REQUIRED WORK –
Please return the listing below word for word, minus its pictures.

SUPPLIED DATA –
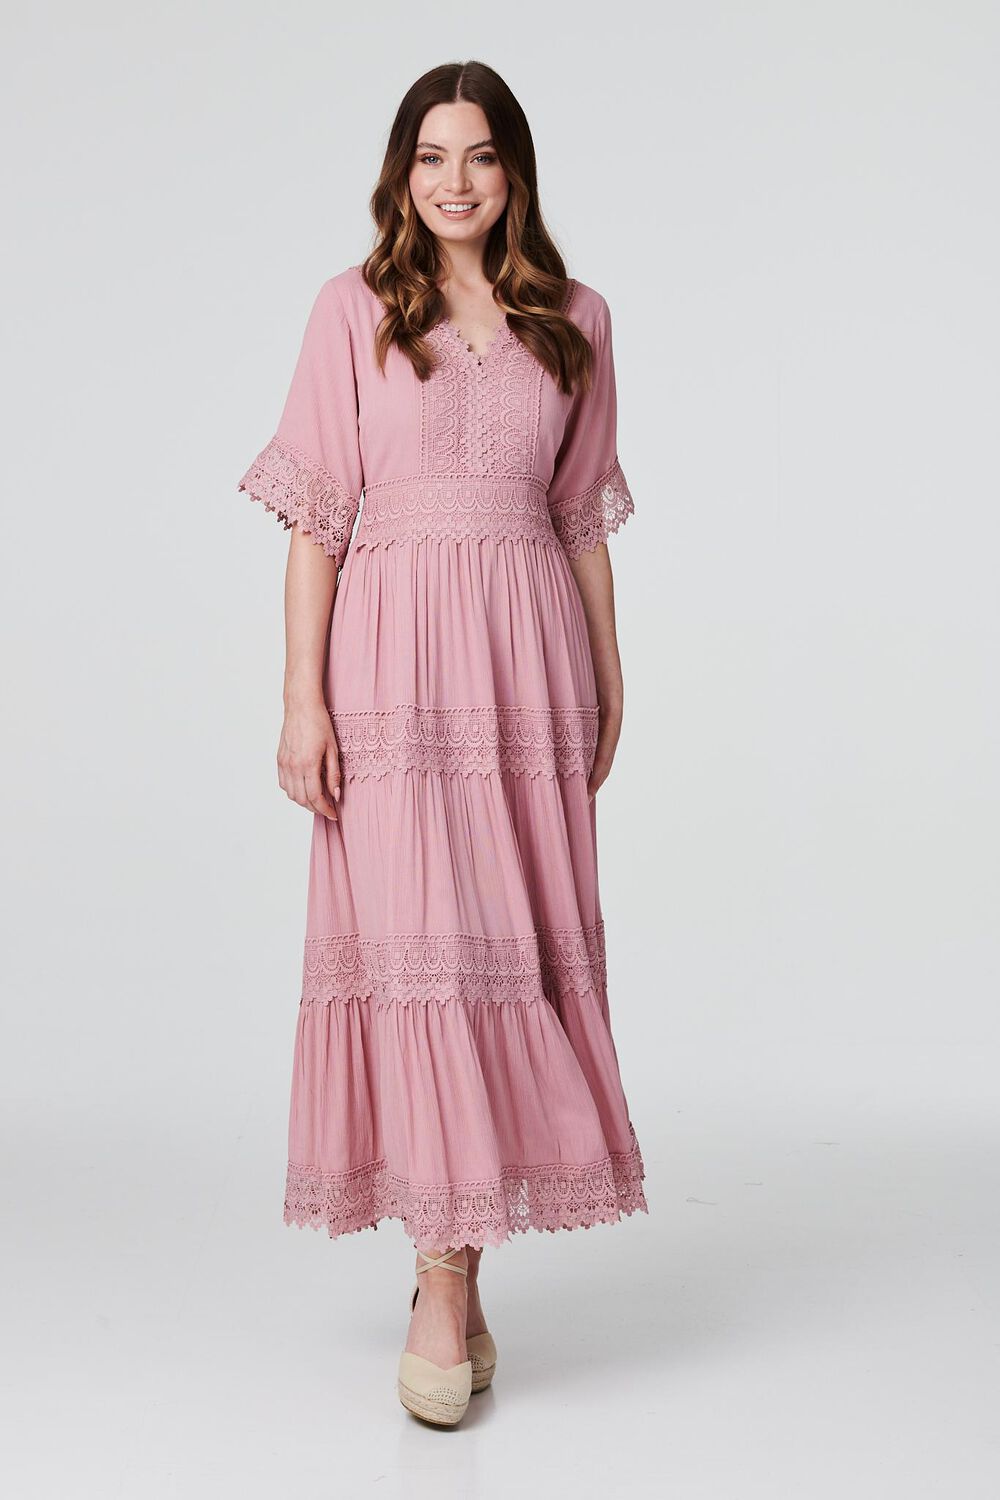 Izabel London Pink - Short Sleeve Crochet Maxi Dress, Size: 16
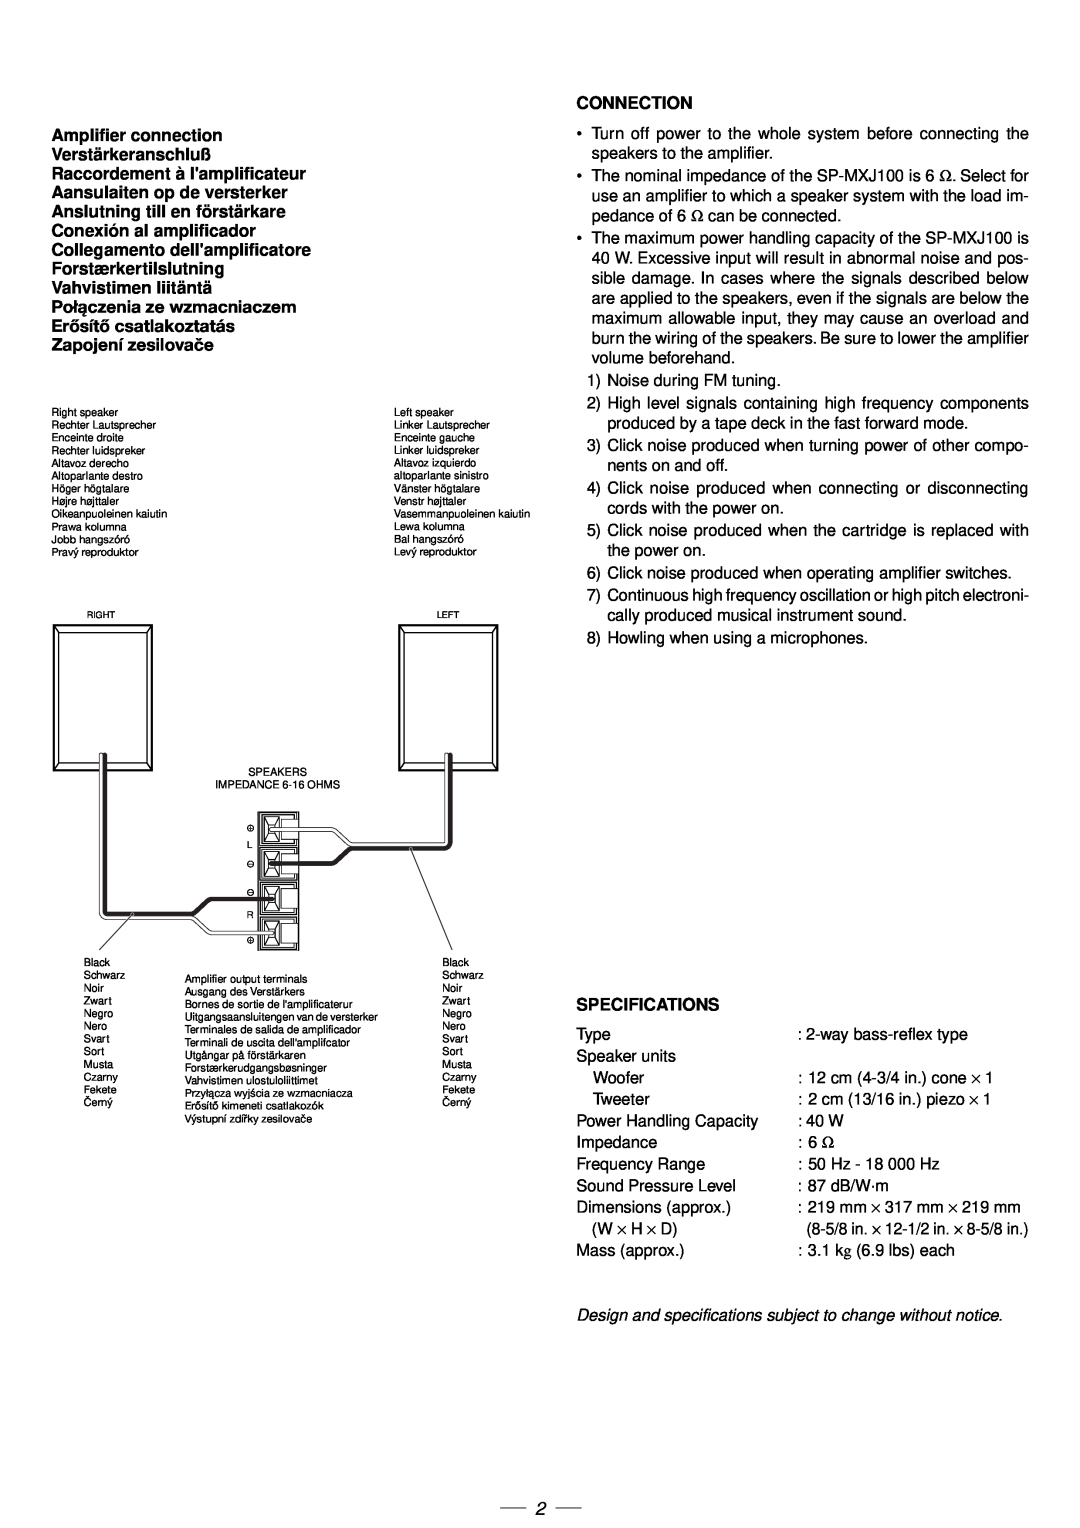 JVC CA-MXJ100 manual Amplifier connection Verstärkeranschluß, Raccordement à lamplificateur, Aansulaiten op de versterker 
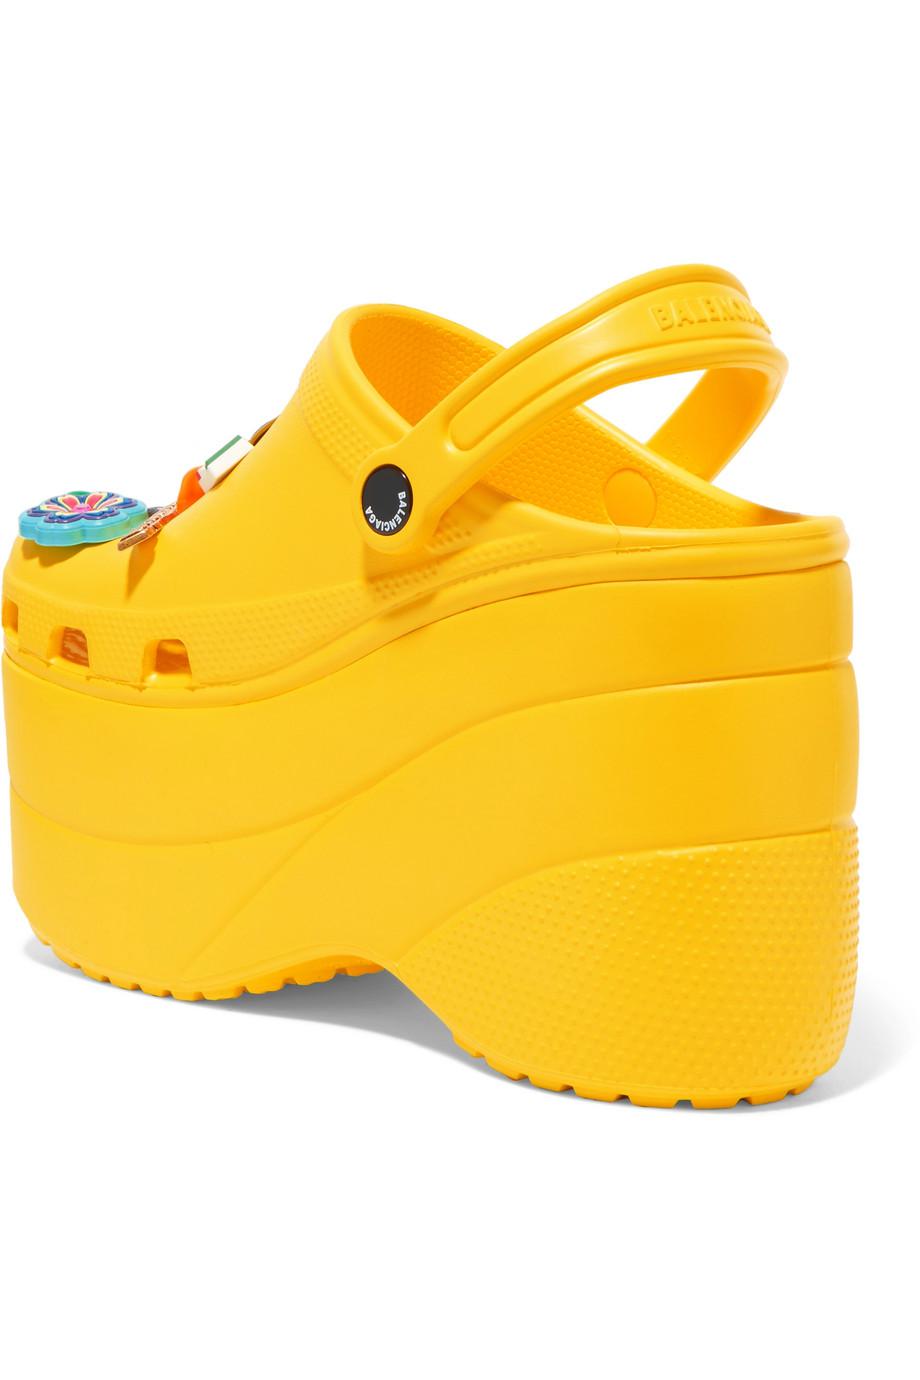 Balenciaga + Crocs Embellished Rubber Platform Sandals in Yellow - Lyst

THE ANSWER –
 Izabel London Pink - Short Sleeve Crochet Maxi Dress, Size: 16
 JVC CA-MXJ100 manual Amplifier connection Verstärkeranschluß, Raccordement à lamplificateur, Aansulaiten op de versterker 
 Balenciaga + Crocs Embellished Rubber Platform Sandals in Yellow - Lyst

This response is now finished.